# TASK PROMPT:
When you return the data, keep every word exact and include none of the images.

# DATASET EXCERPT:

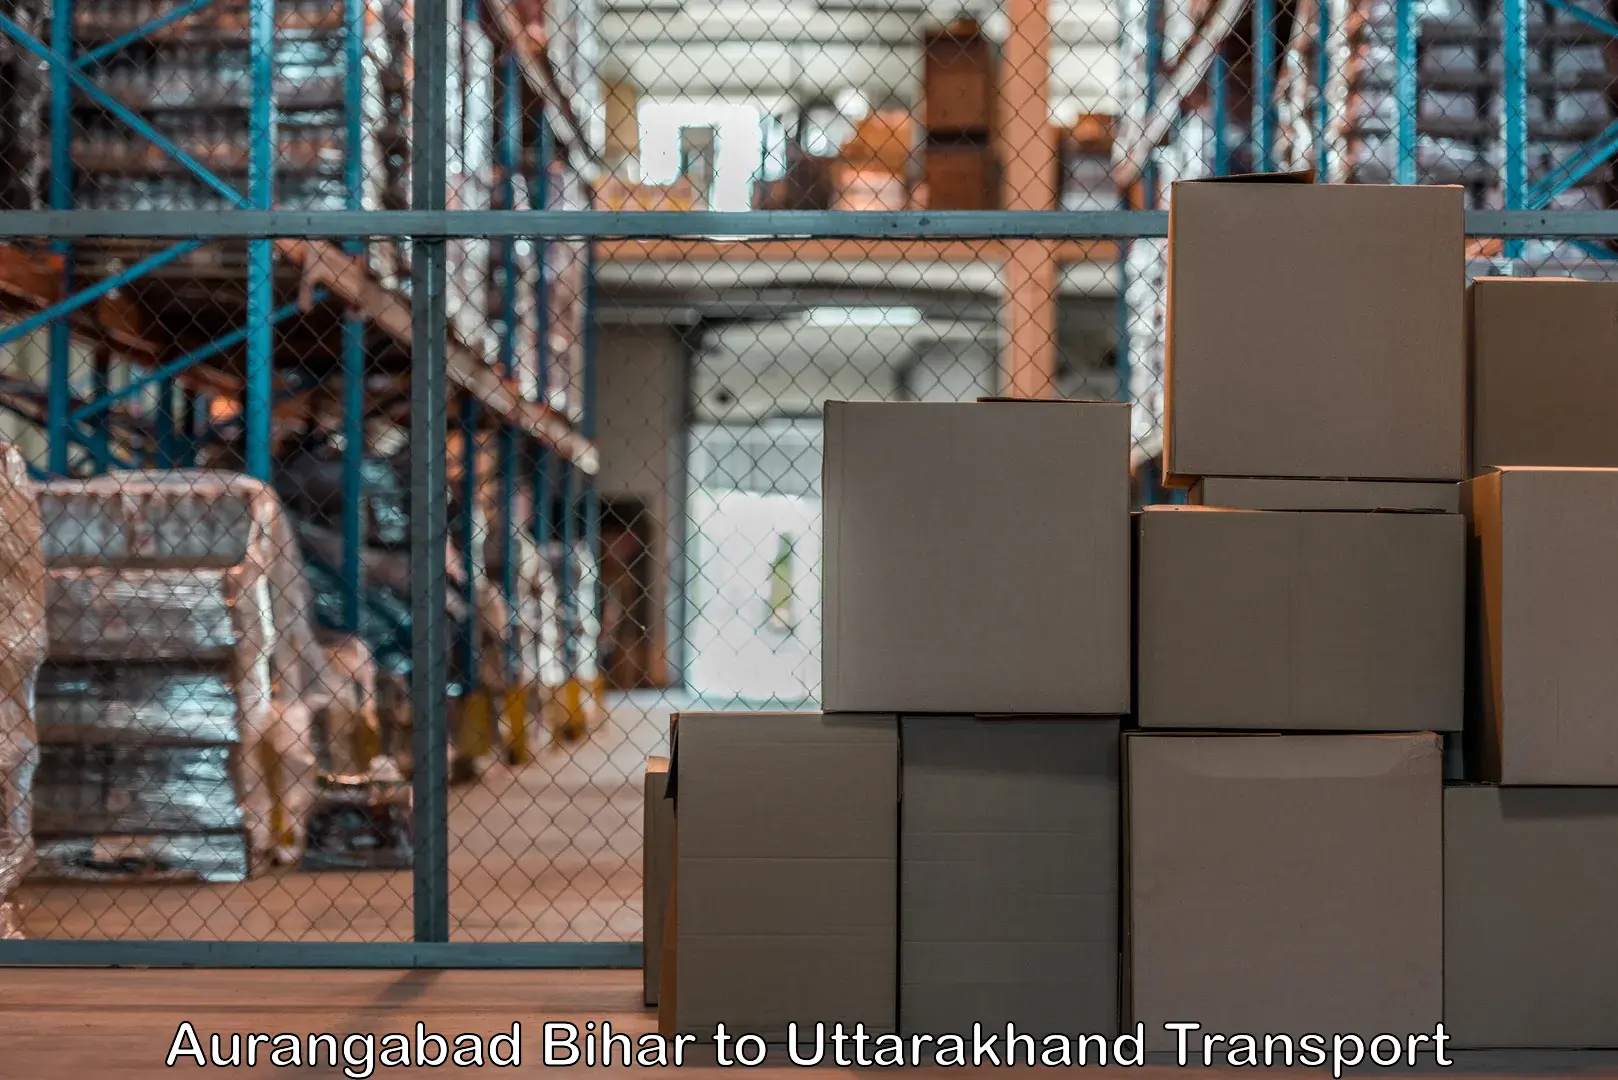 Air freight transport services Aurangabad Bihar to Tehri Garhwal
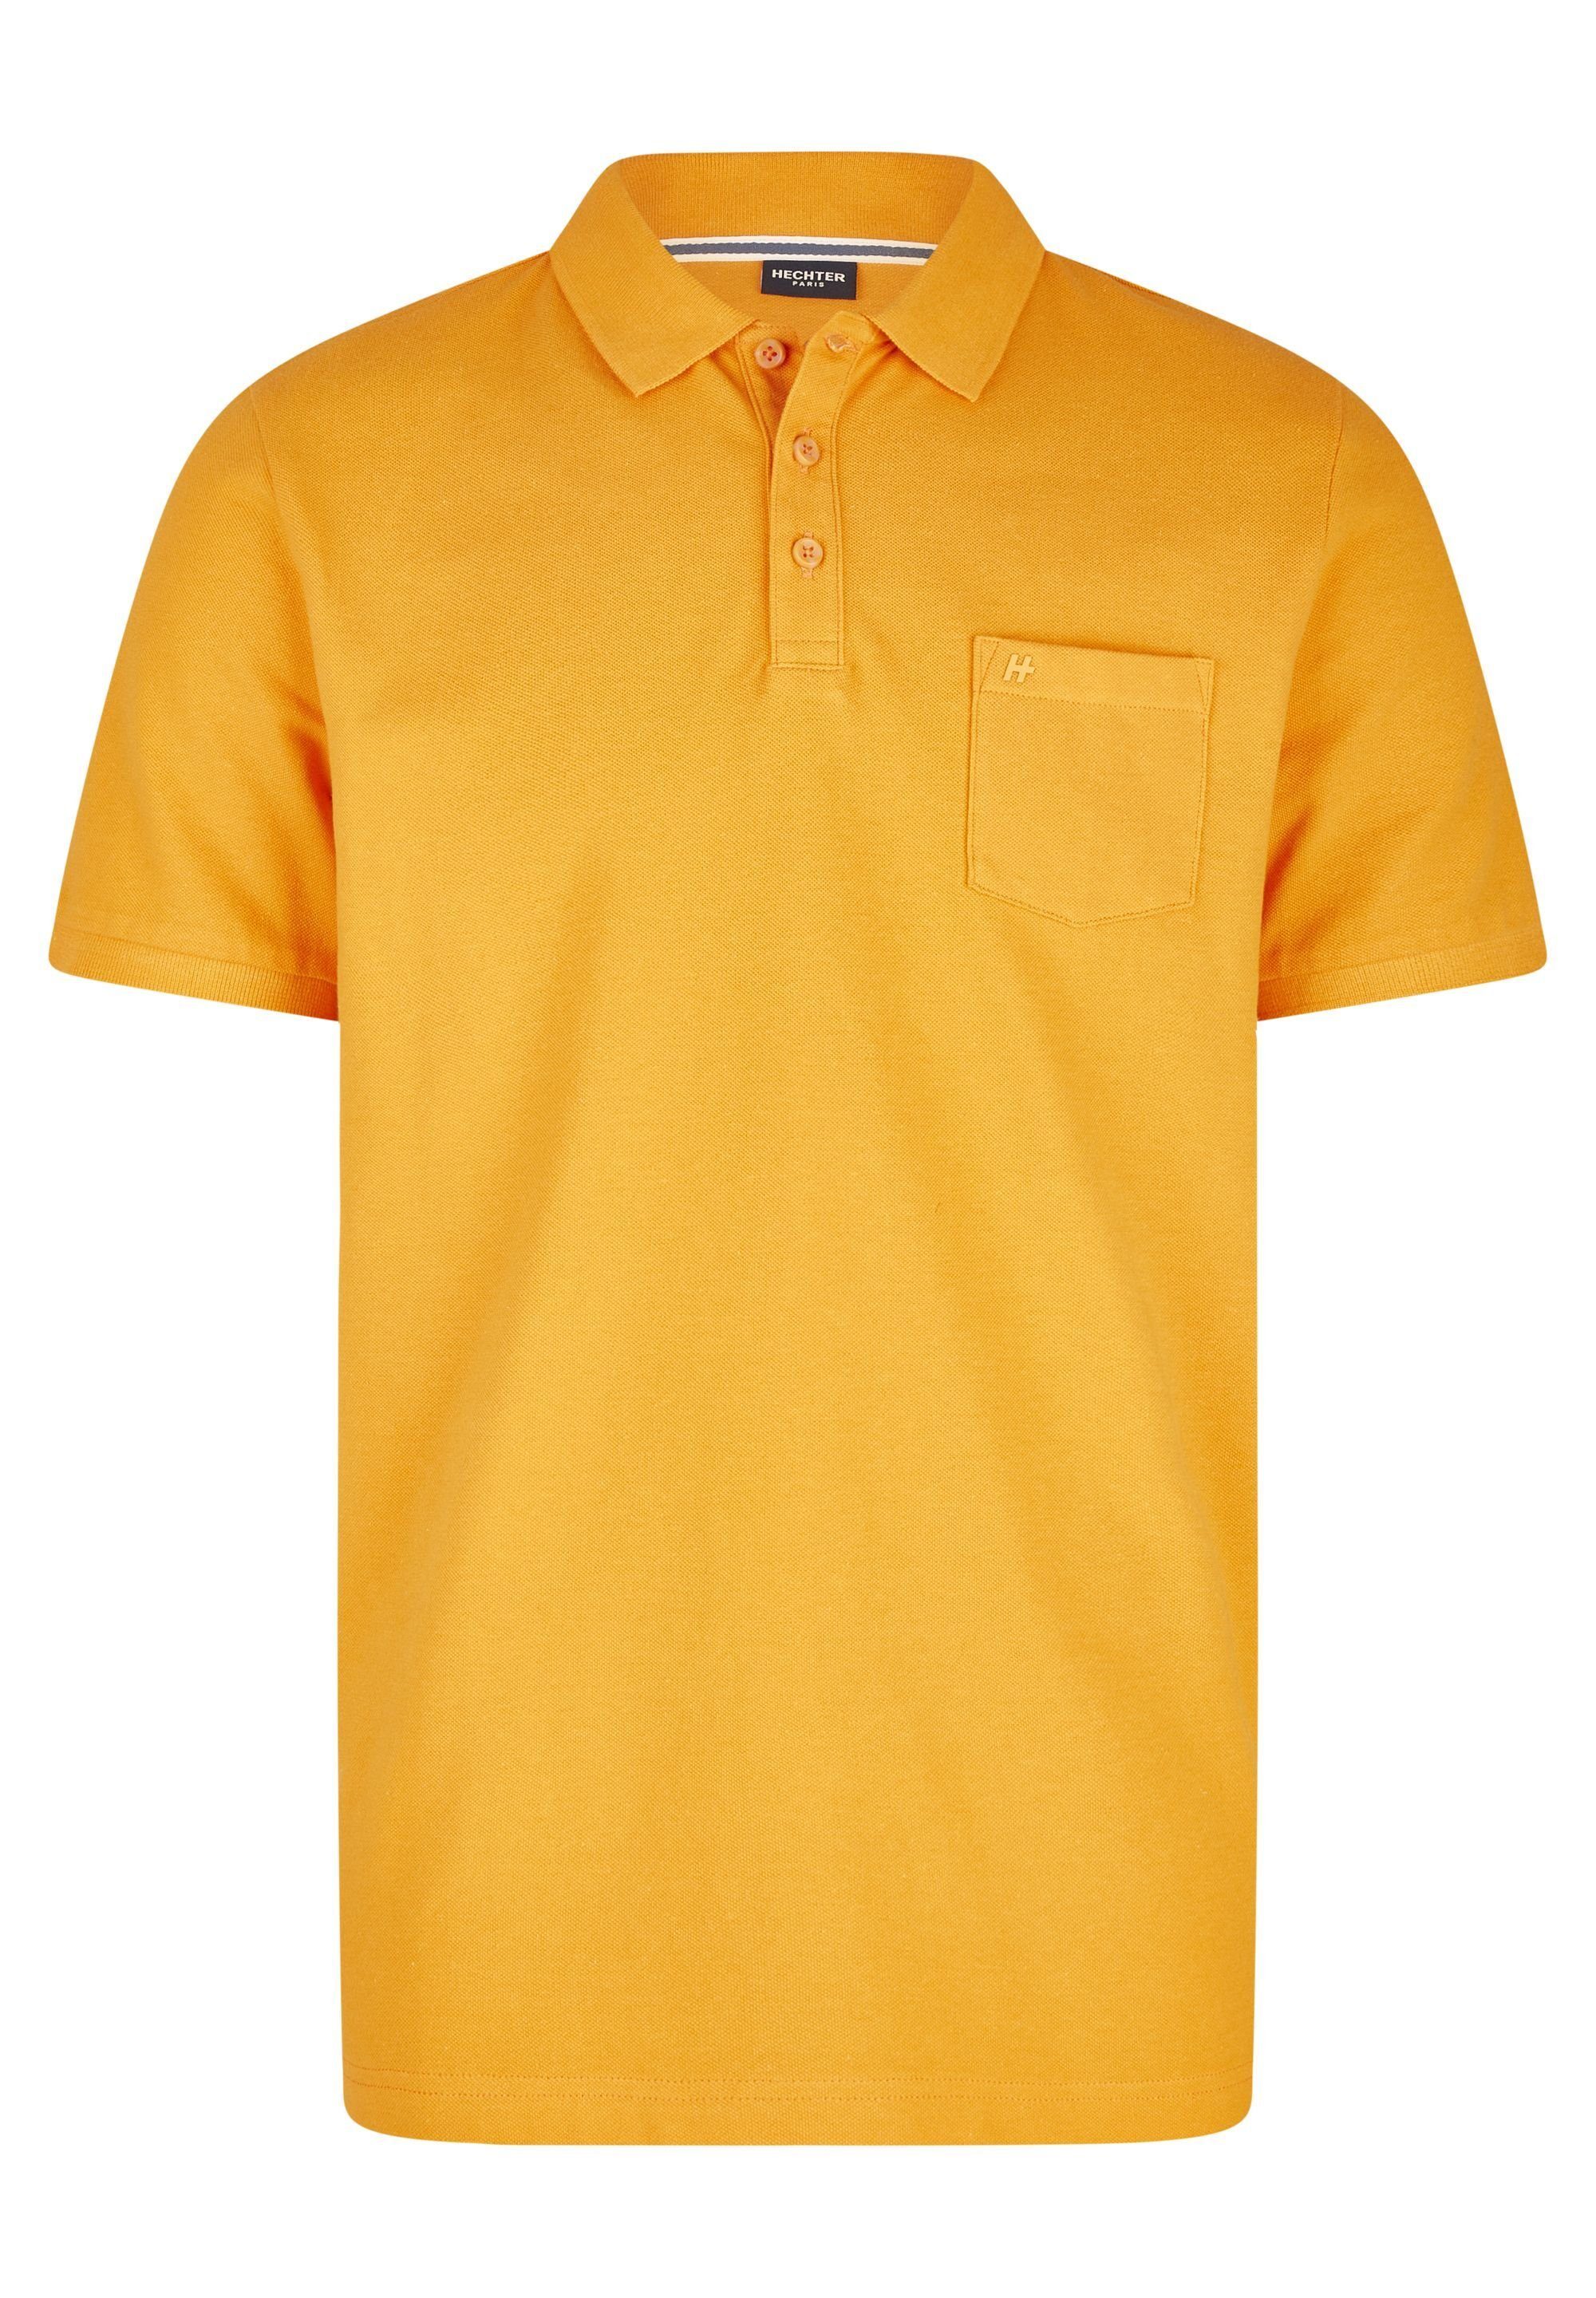 HECHTER PARIS Poloshirt orange mit polokrage
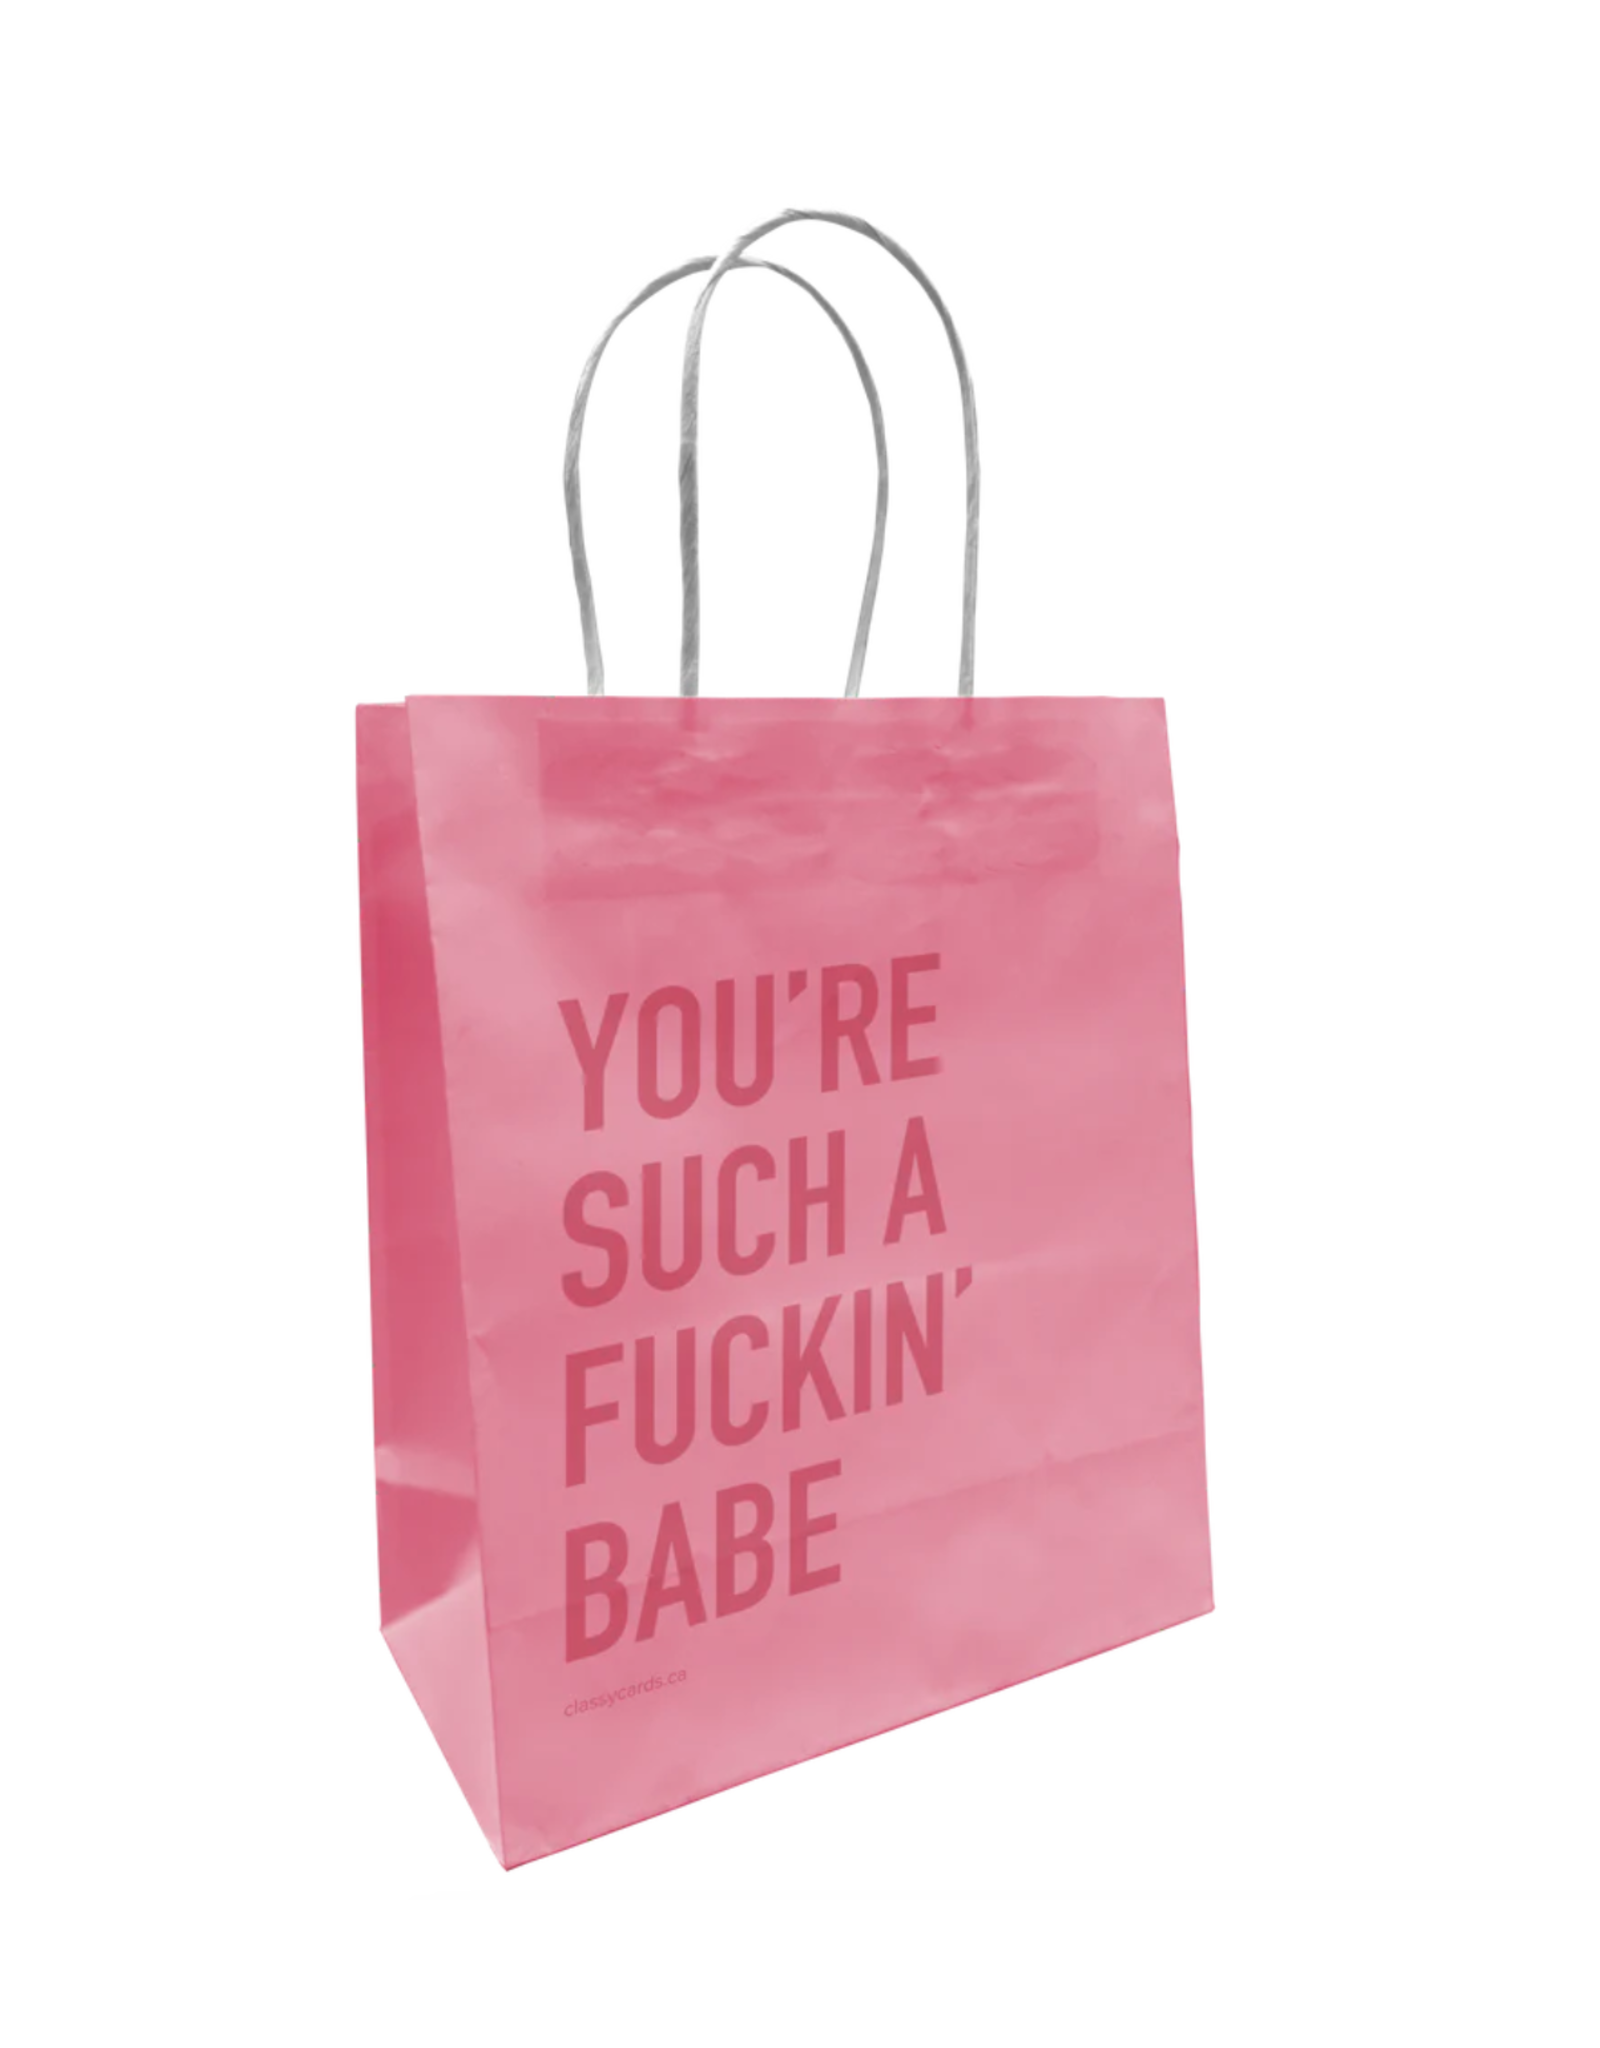 Fuckin' Babe Gift Bag

# SOLUTION TO THE PROBLEM:
 Air freight transport services Aurangabad Bihar to Tehri Garhwal
 HECHTER PARIS Poloshirt orange mit polokrage
 Fuckin' Babe Gift Bag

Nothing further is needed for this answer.